Isabel began to recount their adventure.
'In the midst of those horrid wretches! and the firing!' cried Lady Conway. 'My dear, how could you bear it? I should have died of fright!'
'There was no time for fear,' said Isabel, with a sort of scorn; 'I should have been ashamed to be frightened when Lord Fitzjocelyn took it so quietly. I was only afraid lest you should repeat their horrid war-cry. I honour your refusal.'
'Of course one would not in their sense, poor things, and on compulsion,' said Louis, his words coming the slower from the exhaustion which made him philosophize, rather than exert himself. 'In a true sense, it is the war- cry of our life.'
'How can you talk so!' cried Lady Conway. 'Delaford says the ruffians are certain to overpower the Guard.
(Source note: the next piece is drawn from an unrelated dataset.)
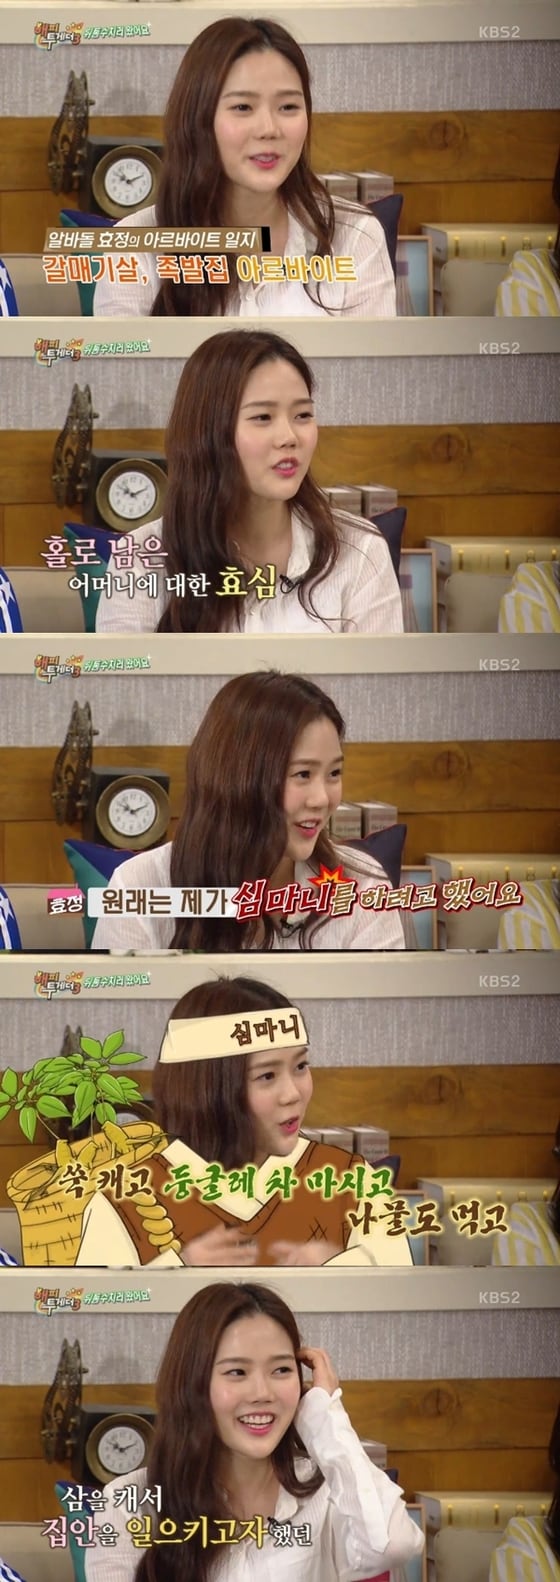 오마이걸 효정이 어릴 적 장래희망을 밝혔다. © News1star / KBS2 '해피투게더3' 캡처

We must go directly. Very likely this delay of yours may prevent us from getting off at all.'
'I will find out whether the way be open,' said Louis, 'when I have-'
His words failed him, for as he rose, the handkerchief slipped off, a gush of blood came with it, and he was so faint that he could hardly reach the sofa.
Lady Conway screamed, Virginia rang the bells, Isabel gave orders that a surgeon should be called.
'Spirits from the vasty deep,' muttered Louis, in the midst of his faintness, 'the surgeons have graver work on hand.'
'For heaven's sake, don't talk so!' cried his aunt, without daring to look at him; 'I know your arm is broken!'
'Broken bones are a very different matter, experto crede. This will be all right when I can stop the bleeding,' and steadying himself with difficulty, he reached the door, and slowly repaired to his own room, while the girls sent Fanshawe and Delaford to his assistance.
Lady Conway, unable to bear the sight of blood, was in a state of nervous sobbing, which Virginia's excited restlessness did not tend to compose; and Isabel walked up and down the room, wishing that she could do anything, looking reproachfully at her mother, and exalting to the skies the courage, presence of mind, and fortitude of the wounded knight.
Presently, Delaford came down with a message from Lord Fitzjocelyn that it was of no use to wait for him, for as the butler expressed it, 'the haemorrhage was pertinacious,' and he begged that the ladies would depart without regard to him. 'In fact,' said Delaford, 'it was a serious crisis, and there was no time to be lost; an English gentleman, Captain Lonsdale, who had already offered his services, would take care of his lordship, and my Lady had better secure herself and the young ladies.'
'Leave Fitzjocelyn!' cried Virginia.
'Is it very dangerous, Delaford?' asked Lady Conway.